The Spring 2008 edition of the Confidence in U.S. Foreign Policy Index shows rising fears about the health of the U.S. economy are spilling over into the public’s thinking about foreign policy issues, and their concerns about the nation's dependence on others to satisfy its energy needs are particularly pronounced.
This edition of the index, examining two years of data, finds the public doubts U.S. foreign policy is working and is increasingly skeptical about whether anything can turn the situation around. The public shows a growing loss of confidence in many foreign policy strategies, including options that the public has always considered among the most promising, such as controlling immigration and improved intelligence gathering.
Public anxiety about America's place in the world has reached troubling levels. The Spring 2007 edition of the Confidence in U.S. Foreign Policy Index suggests that Americans' anguish over Iraq is spilling over into other areas of foreign policy. The Anxiety Indicator, which tracks the public's overall comfort level with foreign policy, stands at 137. That is a seven-point increase in the indicator since the fall, edging closer to the 150-mark that would indicate a crisis of confidence.

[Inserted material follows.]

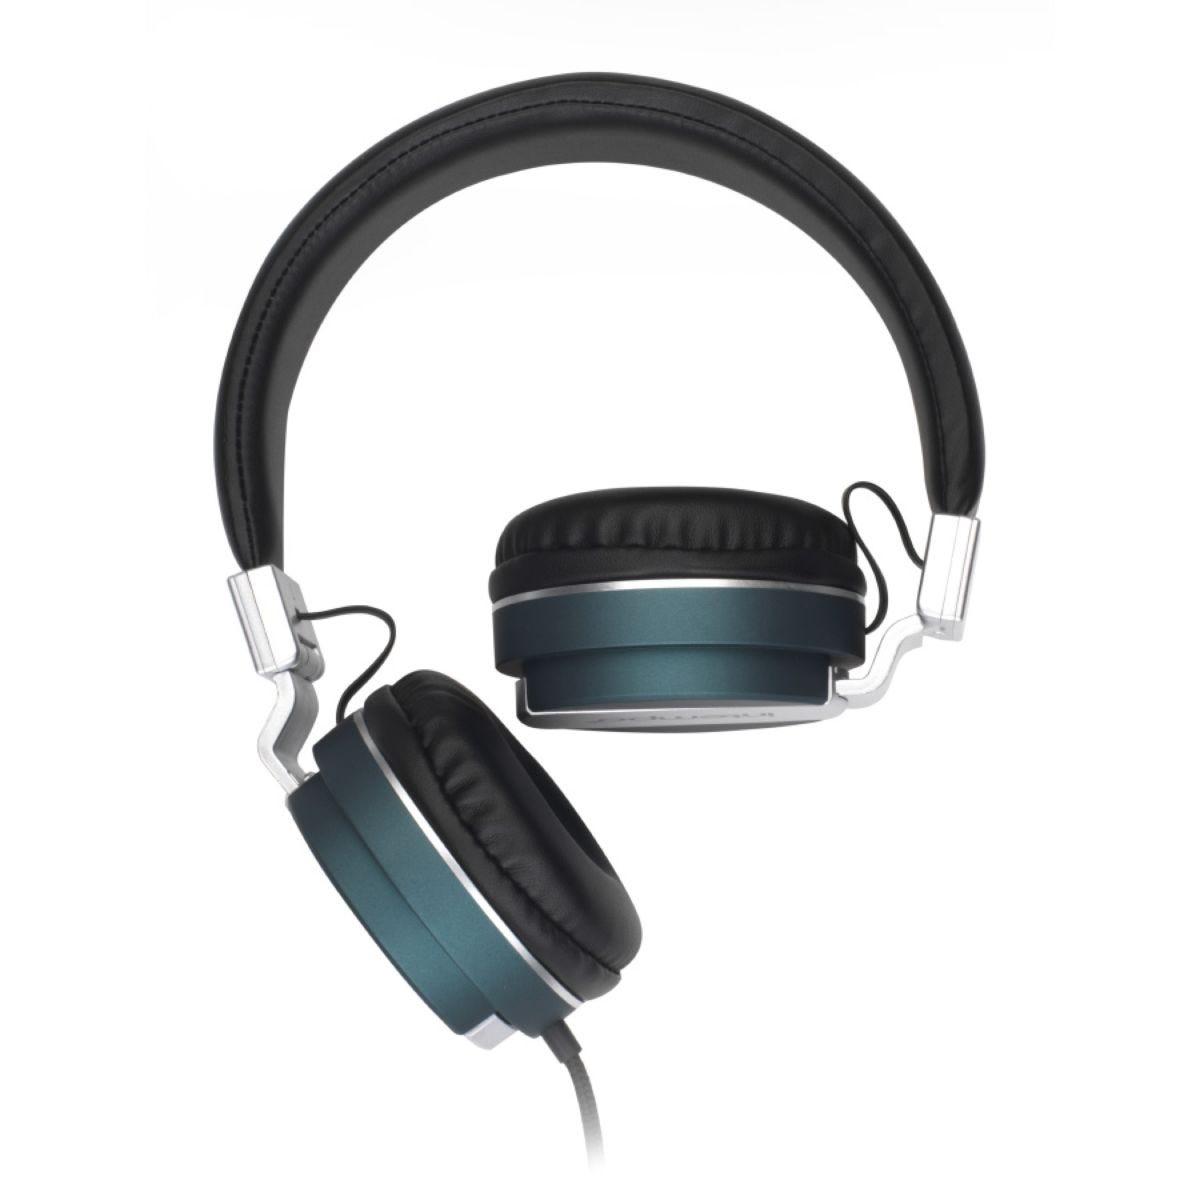 Intempo Revive Headphones - Teal

Americans see a world of growing dangers, few solutions and little in U.S. foreign policy that seems to be working, according to the latest Public Agenda Confidence in U.S. Foreign Policy Index. This edition of the index introduces the "Anxiety Indicator," tracking the public's overall outlook on world affairs. The Fall 2006 indicator shows that public anxiety on international affairs is at high levels (a score of 130 on a 200-point scale), enough to show a deep dissatisfaction with current policies.
The second edition of the Public Agenda Confidence in U.S. Foreign Policy Index finds new concerns pushing their way into public consciousness even as worries identified in the first edition persist. Most of the public ranks promoting democracy in other countries as the least important of the foreign policy goals we asked about (20 percent say it's "very important") and seems to doubt the United States can achieve it. Public concern seems to have moderated in some cases, as with America's image in the Muslim world.

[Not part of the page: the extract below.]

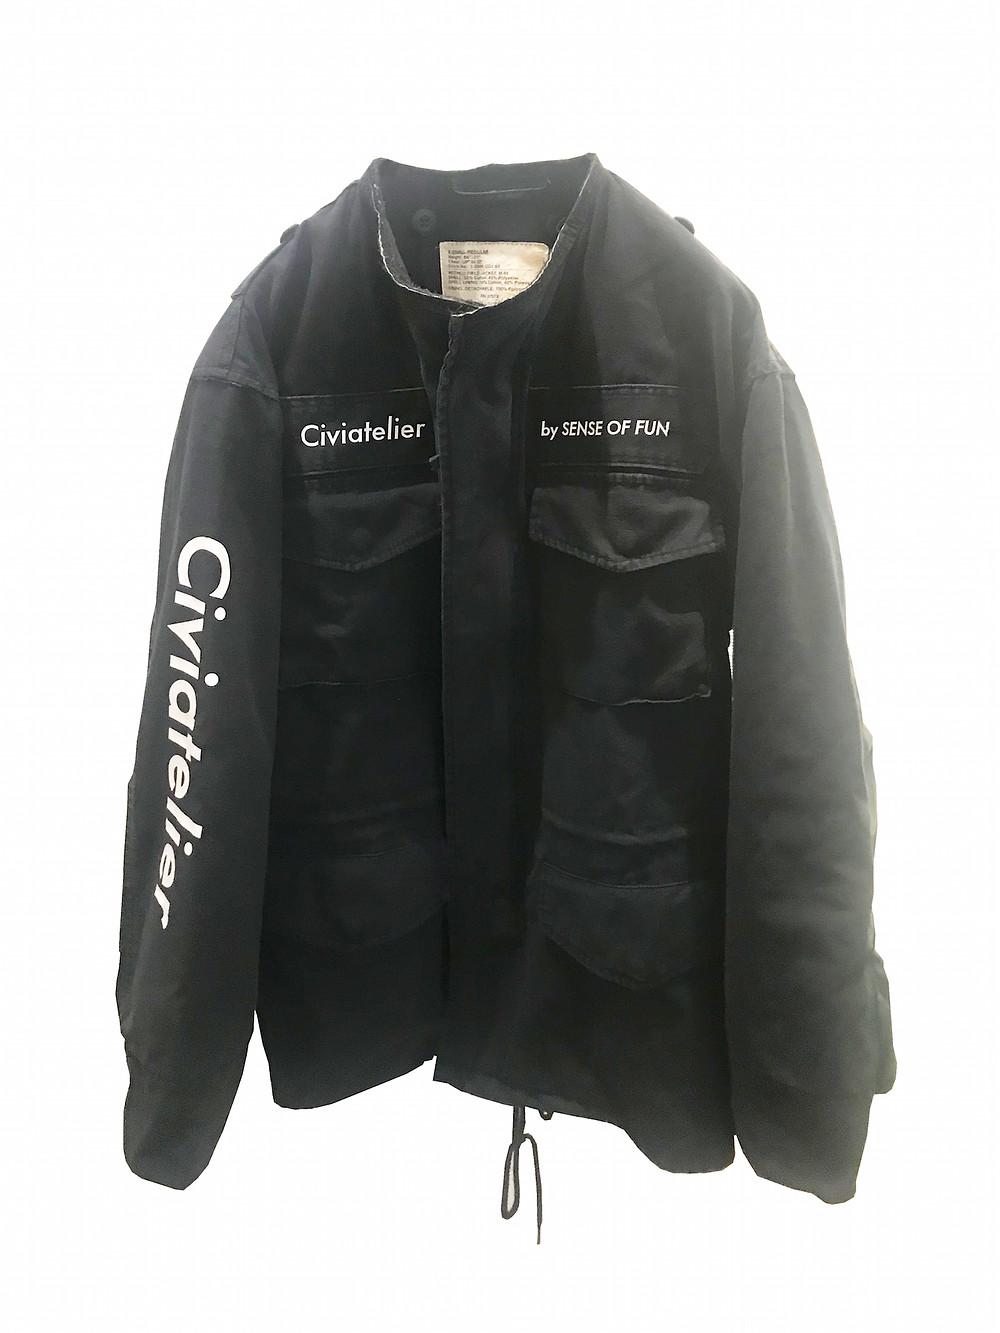 Civiatelier Remake Rothco Jacket

The inaugural edition of the Confidence in U.S. Foreign Policy Index finds the public's concerns are dominated by issues that all lead back to the central theme of Islam and the West. So far, public thinking on this problem is a disquieting mix of high anxiety, growing uncertainly about current policy, and virtually no consensus about what the country might do. In addition, the survey finds the problems of illegal immigration and protecting American jobs in a global economy resonate strongly with the public.